Auditing Auditing Algorithms From the Outside: Methods and Implications

scholarscan
Tags: #<Tag:0x00007f08e1461810>

#1

Title taken from a 2015 workshop with another ‘Auditing’ prepended.

Workshop rationale abstract:

An emerging area of research we call “algorithm auditing” allows researchers, designers, and users new ways to understand the algorithms that increasingly shape our online life. This research investigates algorithms “from the outside,” testing them for problems and harms without the cooperation of online platform providers. So far, researchers have investigated the systems that handle recommendations, prices, news, commenting, and search, examining them for individually and societally undesirable consequences such as racism or fraud. In this workshop we treat this new area as a development of the traditional social science technique—the audit study—that creates new ways of investigating the function and relevance of algorithms. Through a cumulative set of activities designed by a group of multidisciplinary organizers, participants will create, document, trick, interrogate, and propose revisions to social media and other algorithms, leaving the attendees with an appreciation of both the ethical and methodological challenges of studying networked information algorithms, as well as a chance for the development of new research designs and agendas to guide future work in this area.

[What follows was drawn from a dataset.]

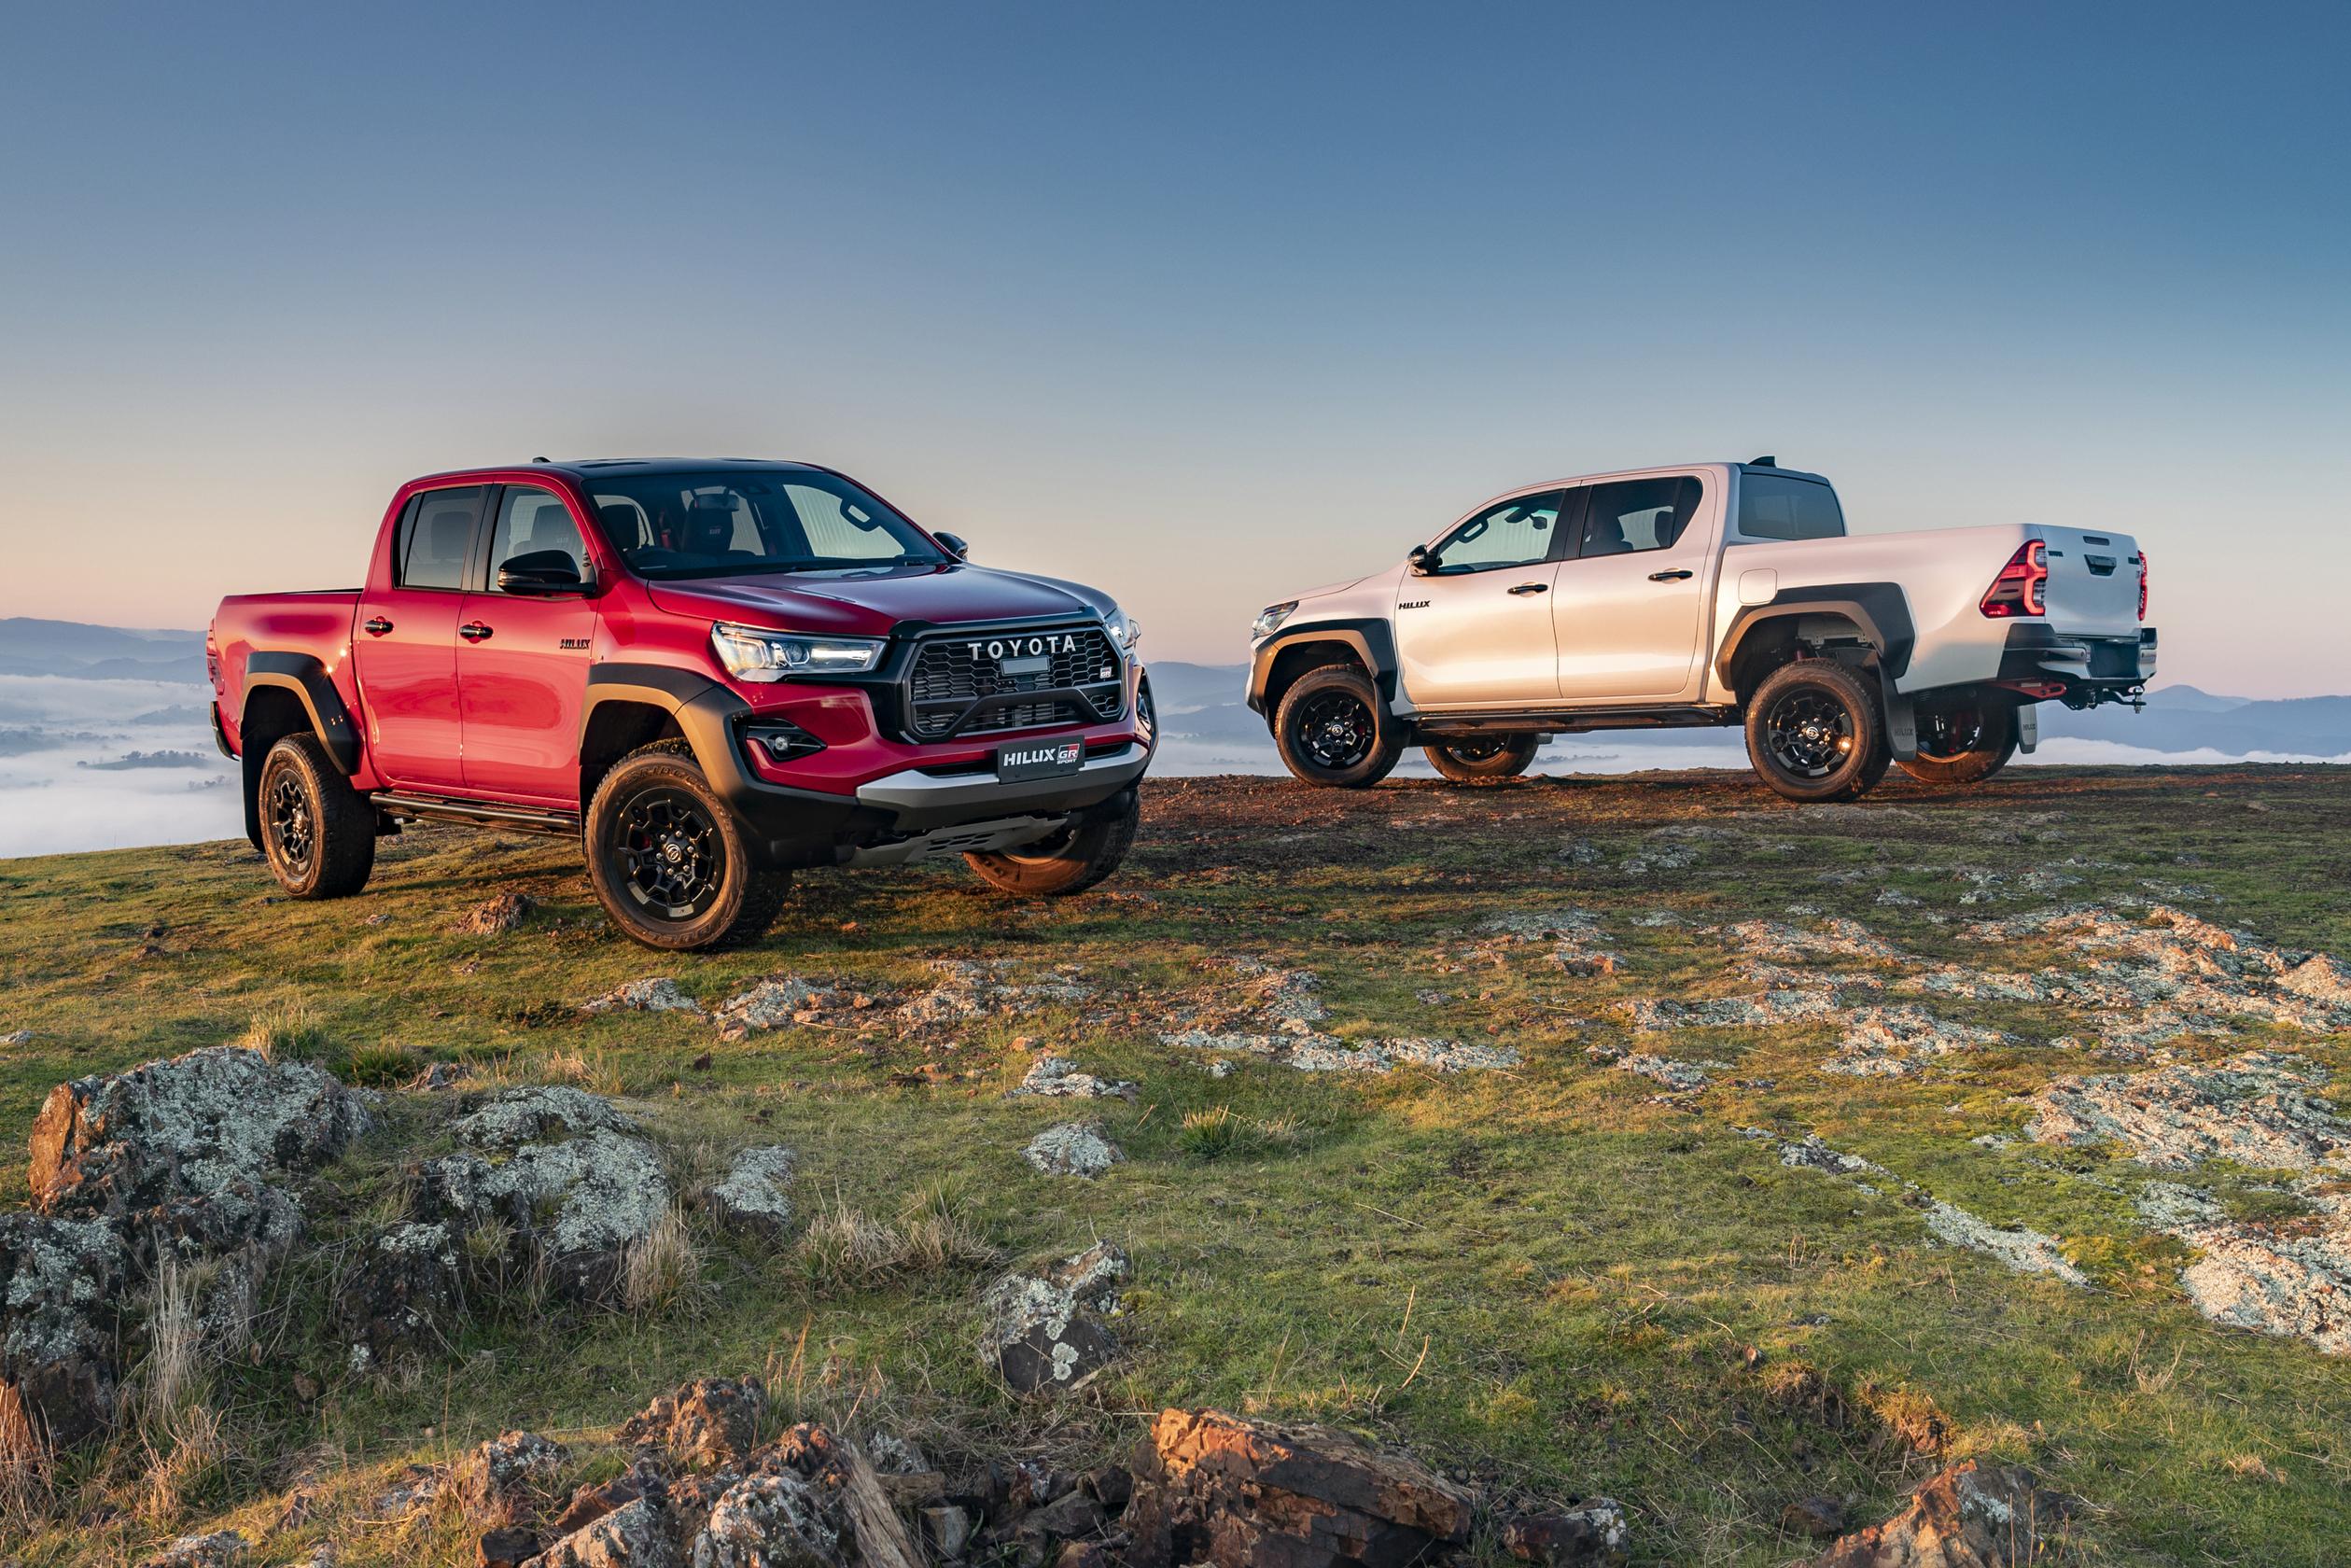 Toyota Hilux GR Sport Is the Coolest Pickup We Can't Have

This is without a doubt super interesting and important work. I’ve been watching it loosely (including watching a recent talk by researchers using these methods to study the Facebook news feed) for the last few years. But several things about it give me pause:

  1. It takes the opacity and centralization of platforms like Facebook, Amazon, and Google as a given.
  2. Critique always runs risk of veering into homage (to those platforms).
  3. It’s creating an interest group with competitive advantage in studying platforms from the outside, subtly favoring the continued dominance of such platforms.
  4. Hyperbole alert! Better Kremlinology doesn’t help open societies solve their own problems. Yes this is easily disputed, as surviving in a world with dictatorships is a problem faced by open societies.

Black box testing of software systems is a valuable technique, even if all software were open source and all data available publicly, and probably is an easier application of existing social science techniques than actual code auditing. There aren’t so many open systems of obvious interest to social scientists studying how software intermediates human experience (Wikipedia is an exception, and has a research community around it). Excitement about auditing algorithms from the outside is entirely understandable.

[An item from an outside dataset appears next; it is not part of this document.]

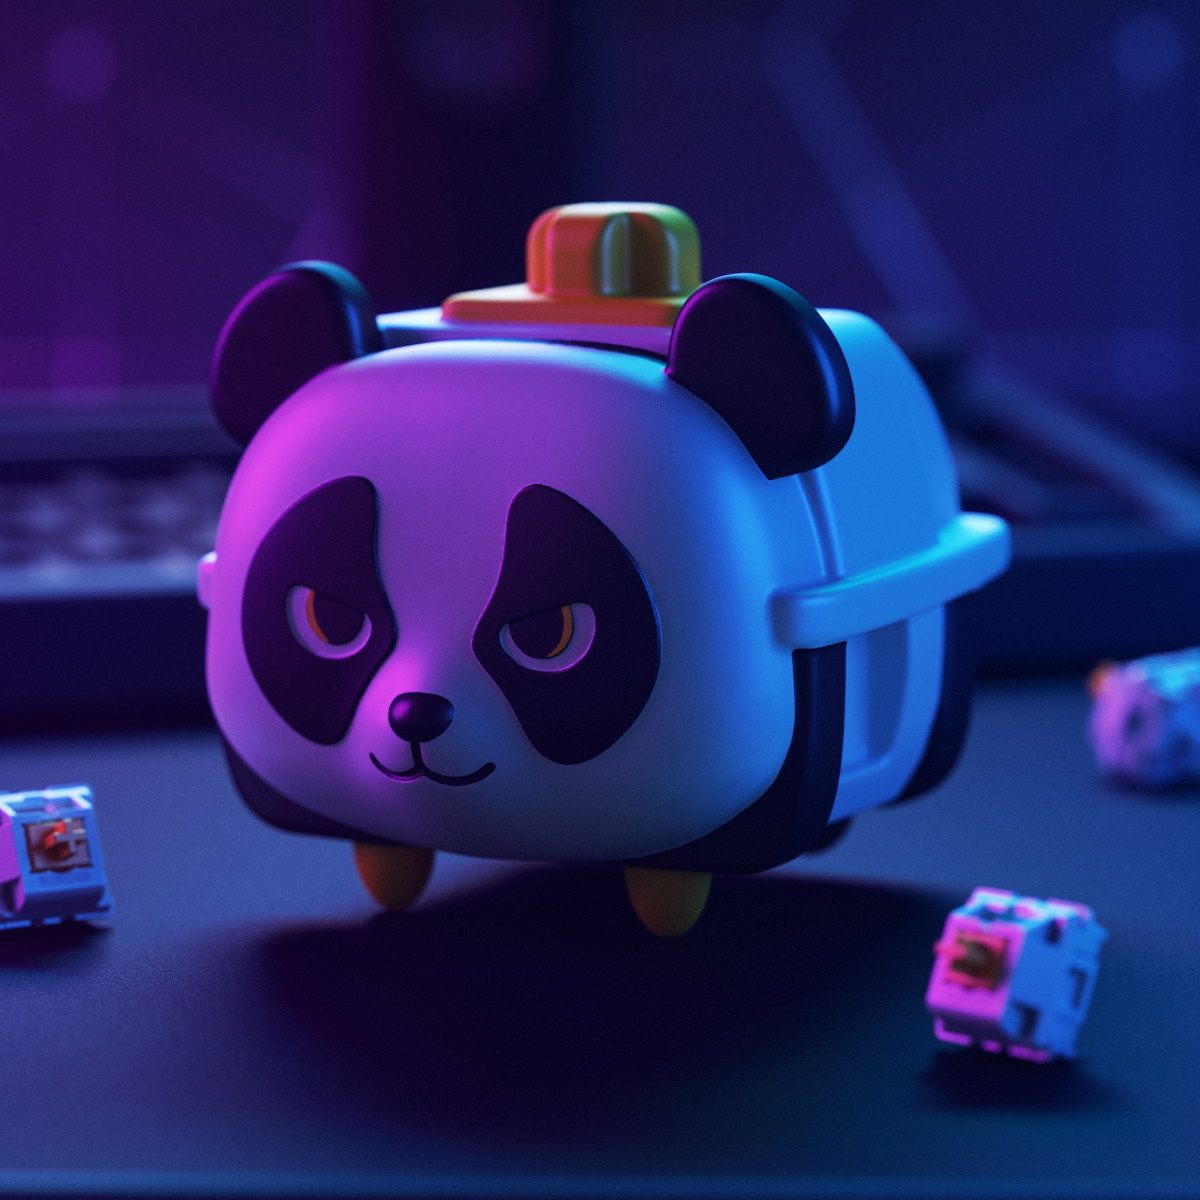 Vinyl Pandas and More! Check Out The Latest Range of Glorious Accessories -  Overclockers UK

But I hope more social scientists (a new generation? people I just haven’t heard of?) also take to:

  • Studying socially mediating algorithms from the inside
  • Help design socially mediating algorithms with more beneficent impacts

What can the free/open source software community do to make this more likely? Perhaps:

  • Create more social software (not necessarily ‘social networking’ but anything mediating human relationships) aiming for mass adoption and thus of interest to social scientists
  • Make government software procurement favoring and then mandating open source the top political goal, as software mediating government processes is inherently social, political, and of interest to study
  • Read relevant literature and reach out to researchers when designing and demanding systems in the two previous points?

#2

software mediating government processes is inherently social, political, and of interest to study

A tiny example http://web.archive.org/web/20150611220259/http://www.sarasotasheriff.org/icr.html?Inmate= discussed in Sheriff’s website showing PHP code, preferential treatment for county employees?

A tiny bit of code revealed through a bug. Shouldn’t all of the code running this or any other government website be available to the public for inspection?

There’s no way to prove that a website or other service is actually running any particular code, though it takes work and risk to run different code, and there will be revealing bugs if an organization takes on that work and risk. The more difficult to find revealing bugs would still take auditing from the outside to find.